• _Recorded information_:
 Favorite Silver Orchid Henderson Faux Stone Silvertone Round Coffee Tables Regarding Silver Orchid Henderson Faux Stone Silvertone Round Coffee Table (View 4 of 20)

* * *

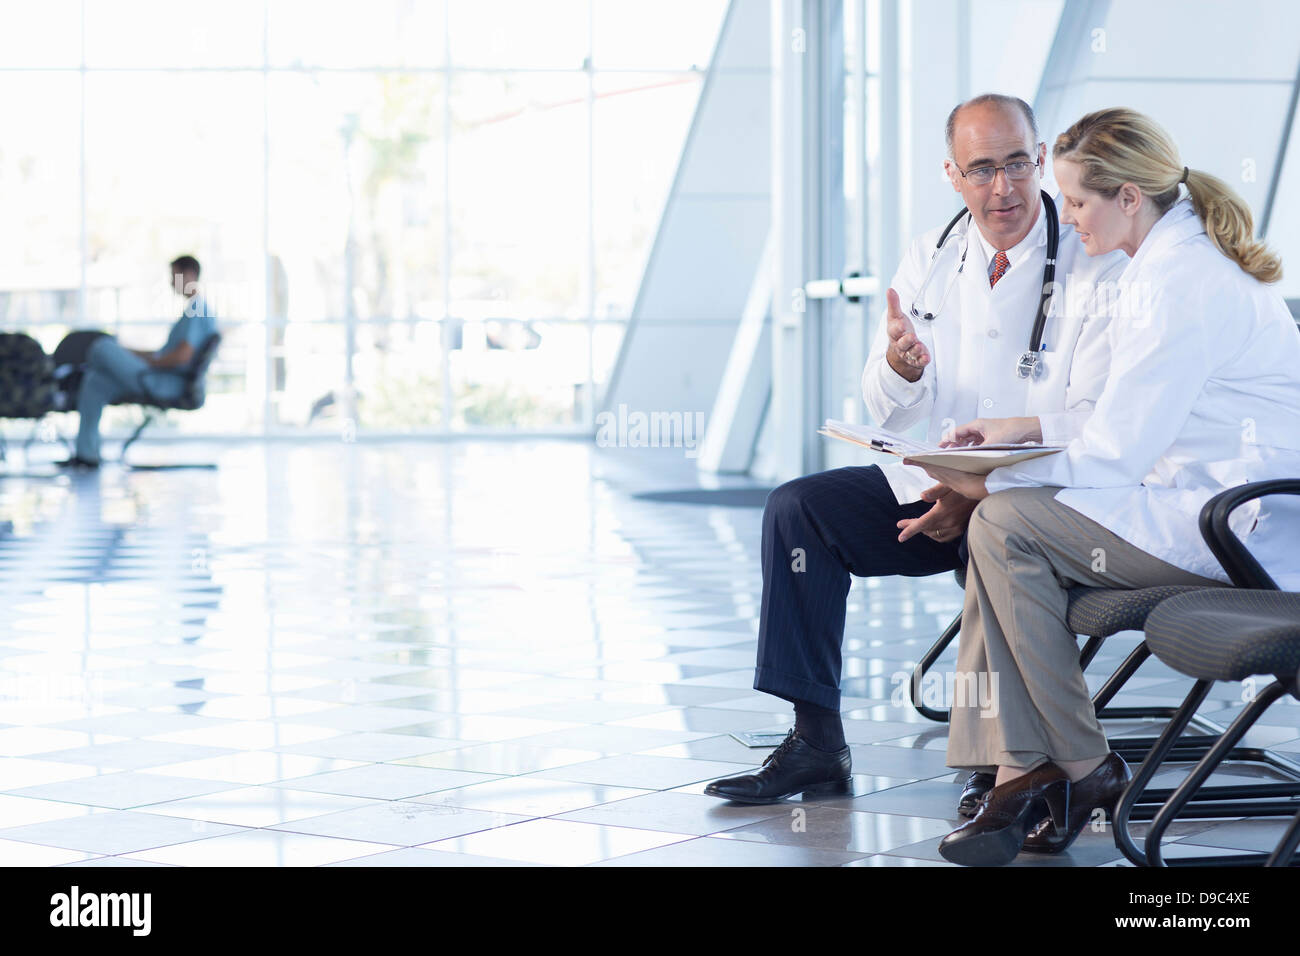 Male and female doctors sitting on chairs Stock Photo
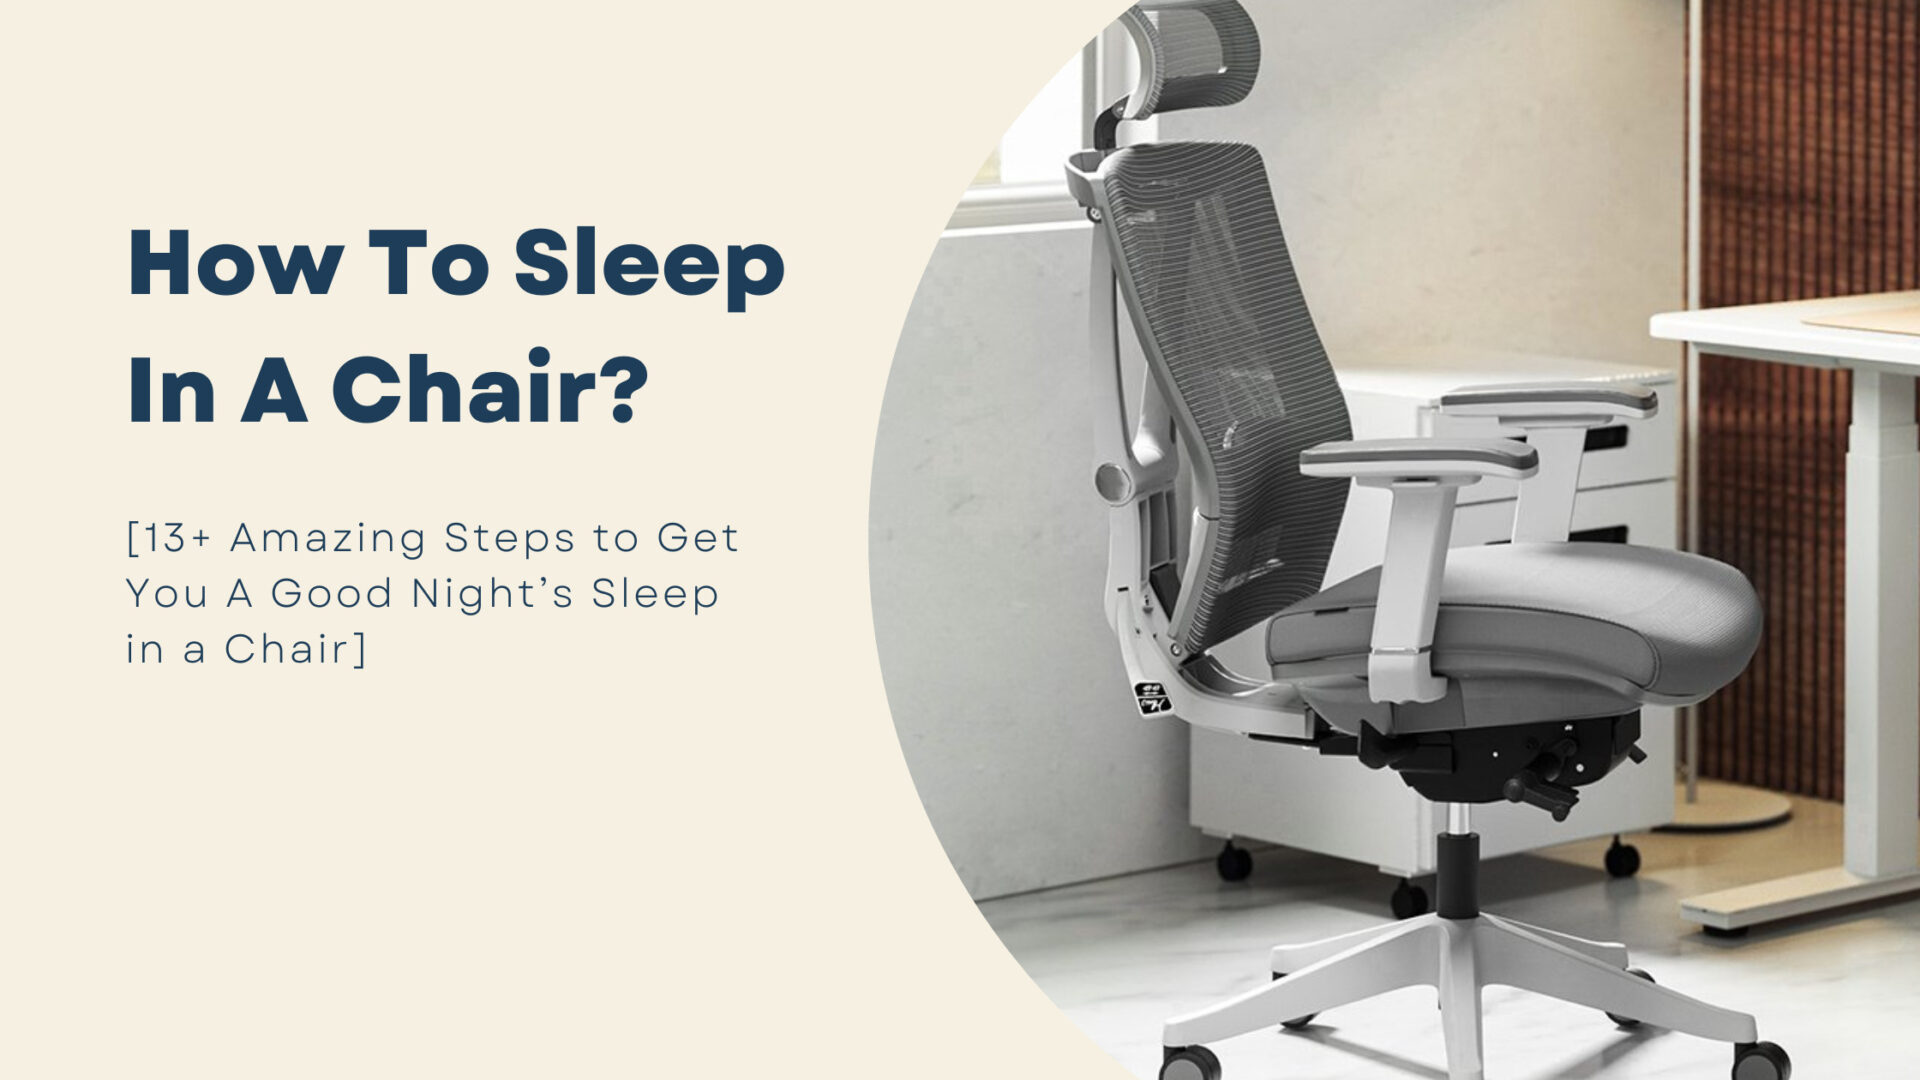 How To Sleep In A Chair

* * *

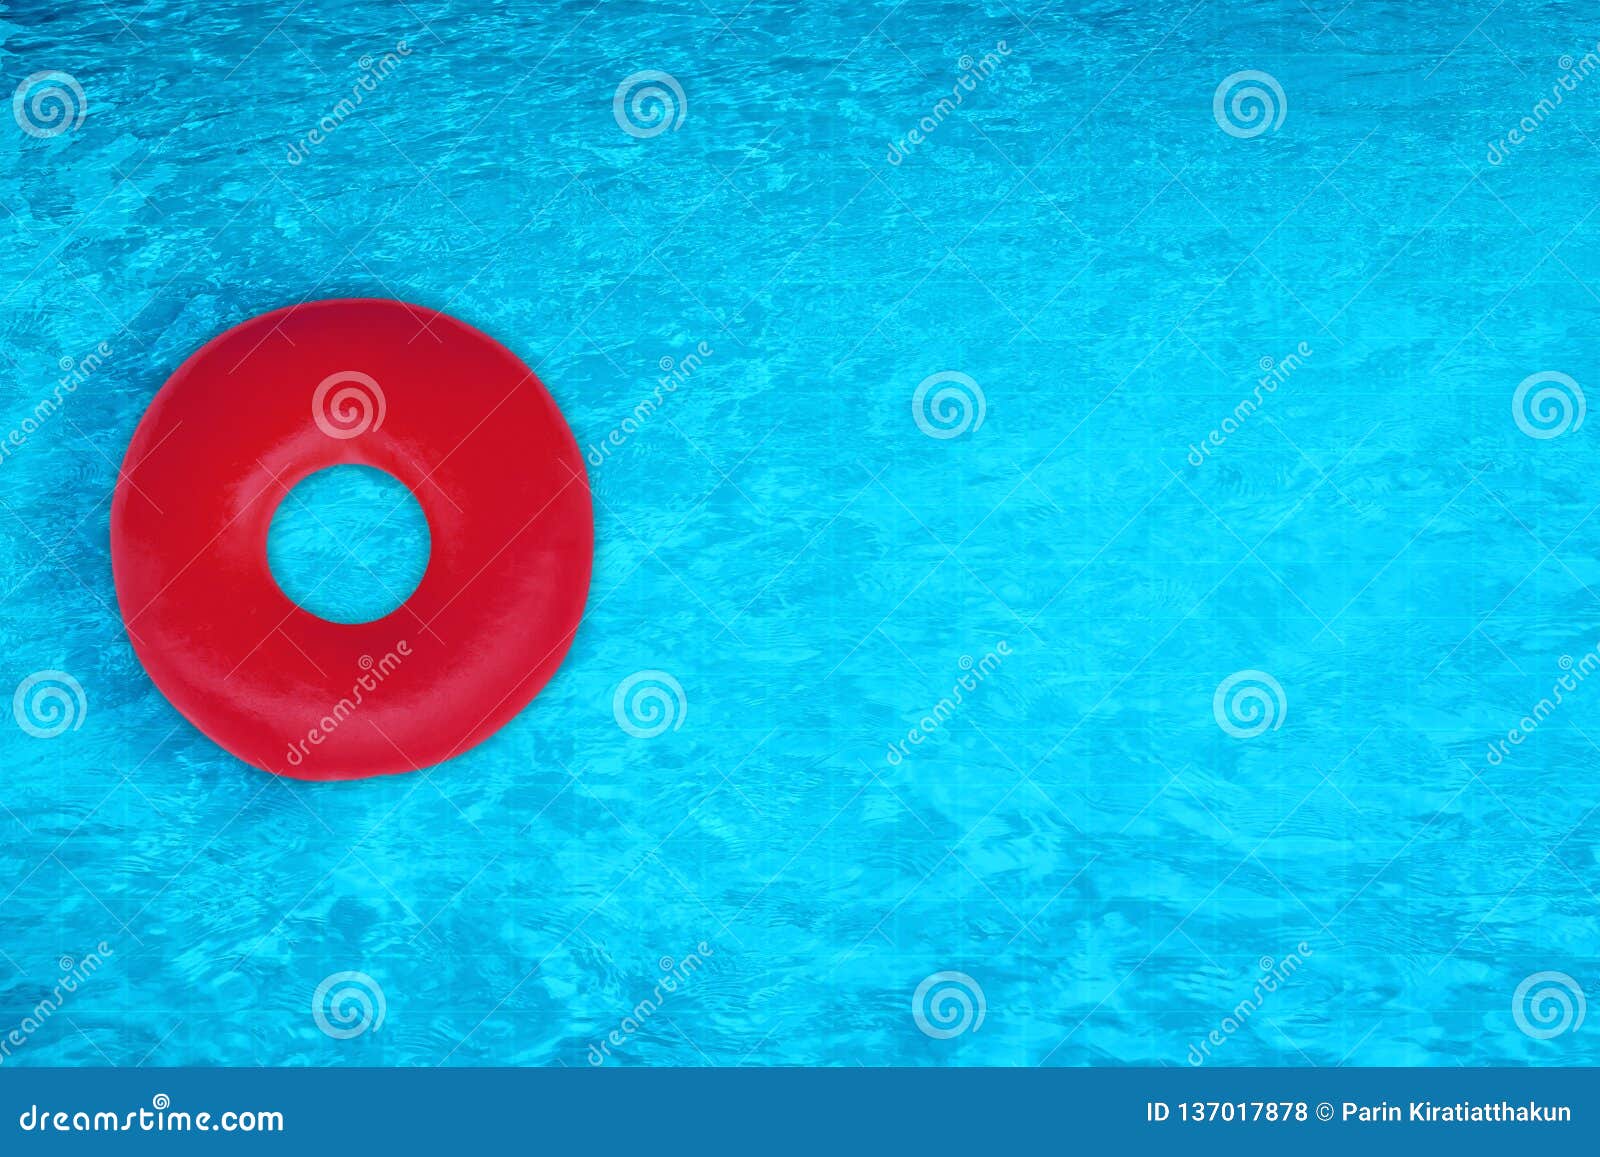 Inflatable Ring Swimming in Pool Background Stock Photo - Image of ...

• _The task_: Out of the records above, set down only the lines from the one that contains "Male and female" through the one that contains "How To Sleep In A Chair", unchanged and without the pictures.

• _Result of the task_:
 Male and female doctors sitting on chairs Stock Photo
 How To Sleep In A Chair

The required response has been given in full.